Cc @bjorn3 @rust-lang/wg-mir-opt

The text was updated successfully, but these errors were encountered:

bjorn3 · 2021-06-14T16:48:28Z

For drop-elaboration: Maybe split Drop into Drop and DropIfNecessary. The former is used only after drop-elaboration and the latter only before drop-elaboration.

For AbortUnwindingCalls: Why can't this be done before all optimizations and maybe even during mir building? Doesn't running it at the end make MIR inlining remove aborts for unwinding past an inlined extern "C" function?

RalfJung · 2021-06-14T16:59:49Z

Why can't this be done before all optimizations and maybe even during mir building?

I asked @alexcrichton exactly that question in #86155. :)

For drop-elaboration: Maybe split Drop into Drop and DropIfNecessary. The former is used only after drop-elaboration and the latter only before drop-elaboration.

That would be another option, indeed. However, the question of whether the Abstract Machine keeps track of drop flags seems like a rather global one, where a dialect switch seems appropriate to me. Otherwise we have to make slightly subtle arguments based on the fact that yes, drop flags exist in the Abstract Machine, and they are always updated by moving or dropping, but if there are no more DropIfNecessary and DropAndReplace in the code then the drop flags have no effects so we can ignore their existence. IOW, we'd still rely on a "dialect-like" global property, namely that only Drop is used. Optimizations that work on the post-drop-elaboration dialect could still easily be wrong when run on the earlier dialect -- e.g. imagine replacing a move by a copy (which should be a correct transformation post-drop-elaboration).

bjorn3 · 2021-06-14T17:32:10Z

e.g. imagine replacing a move by a copy (which should be a correct transformation post-drop-elaboration).

That can make code slower. In case of move for large arguments only a pointer to the local is passed. For copy and const a copy is first made to an anonymous stackslot and then a pointer to this copy is passed. The callee directly uses the memory pointer to by the passed pointer argument as backing storage for the argument local and may change it. This is not something we can change. It is part of the C calling convention on most systems.

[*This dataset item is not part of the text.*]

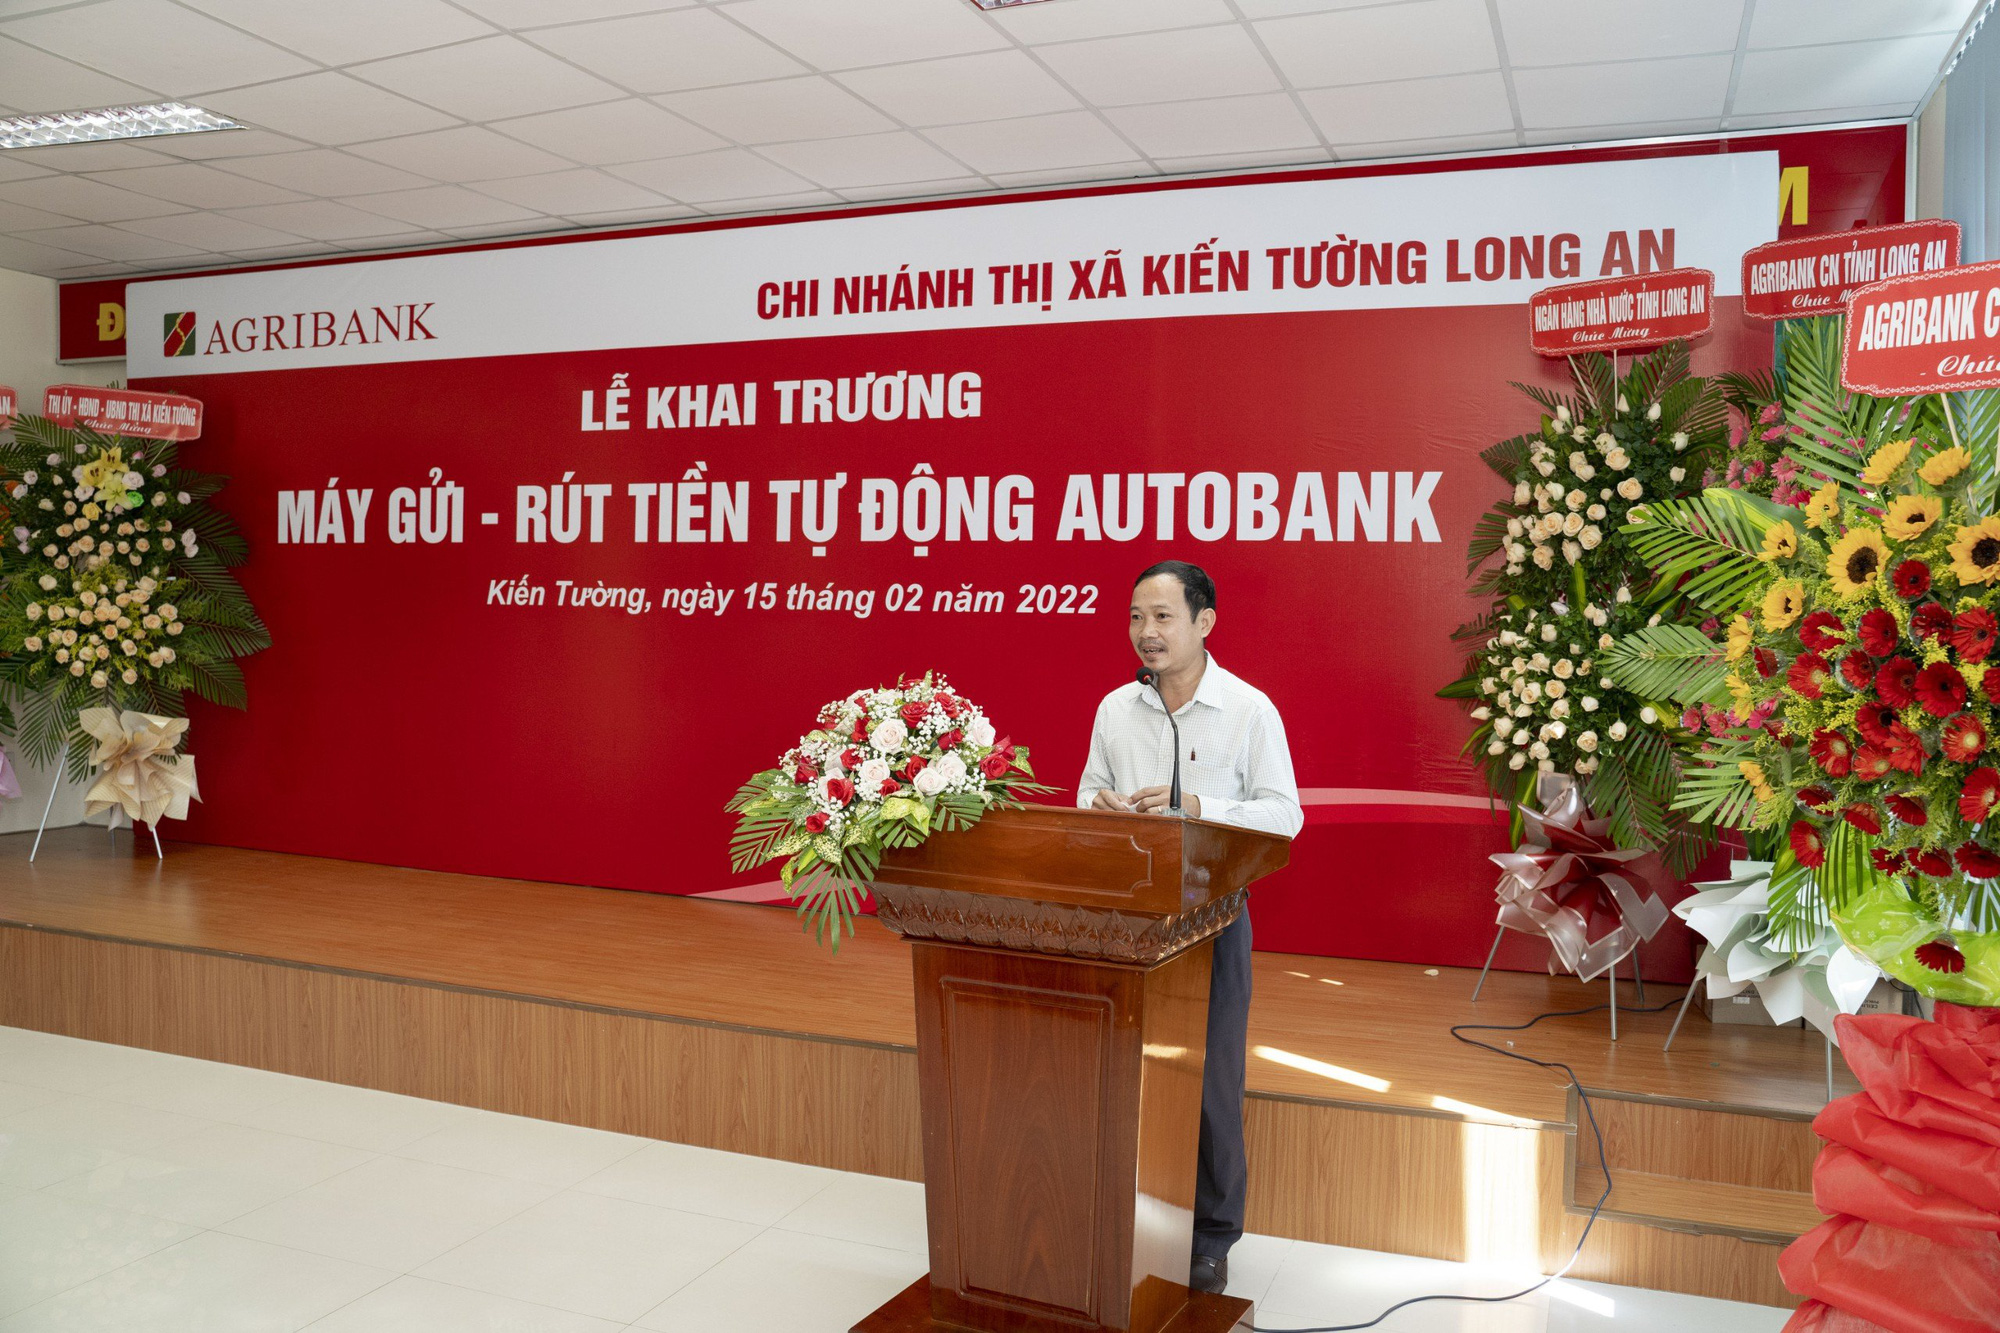 Agribank chi nhánh Long An khai trương ngân hàng tự động Autibank thứ 5 - Ảnh 3.

rust/compiler/rustc_codegen_ssa/src/mir/block.rs

Lines 755 to 765 in a216131

    
           // The callee needs to own the argument memory if we pass it 
        
           // by-ref, so make a local copy of non-immediate constants. 
        
           match (arg, op.val) { 
        
               (&mir::Operand::Copy(_), Ref(_, None, _)) 
        
               | (&mir::Operand::Constant(_), Ref(_, None, _)) => { 
        
                   let tmp = PlaceRef::alloca(&mut bx, op.layout); 
        
                   op.val.store(&mut bx, tmp); 
        
                   op.val = Ref(tmp.llval, None, tmp.align); 
        
               } 
        
               _ => {} 
        
           }

I have been meaning to change the call arguments from Operand to Place to make this clearer, but that is currently blocked on simd_* taking a const generic instead of a const argument.

tschuett · 2021-06-14T19:54:49Z

https://mlir.llvm.org encourages and supports to have more dialects.

RalfJung · 2021-06-15T08:14:32Z

That can make code slower. In case of move for large arguments only a pointer to the local is passed. For copy and const a copy is first made to an anonymous stackslot and then a pointer to this copy is passed. The callee directly uses the memory pointer to by the passed pointer argument as backing storage for the argument local and may change it.

How is that observable? Making an extra copy seems fine here.
(There is some kind of typo in the last sentence so I cannot entirely parse it.)

In MIR, as far as I am aware (i.e. in the preliminary spec in my head), move and copy make no difference. Miri also implements it like that. If replacing one by the other doesn't work then Miri must treat them differently somehow. But while I could imagine turning copy into move being problematic (even though, according to Miri -- the closest thing to a MIR spec we have -- this is a fine transformation), I can't see how the inverse, turning a move into a copy, can be problematic. Cc #71117 rust-lang/unsafe-code-guidelines#188

EDIT: Oh, I now realize you just said it can make code slower, not that it is wrong. Sure, but that's not relevant. I didn't say that it is a smart or useful change to make. I just said that it is a correct change to make. That is all that matters.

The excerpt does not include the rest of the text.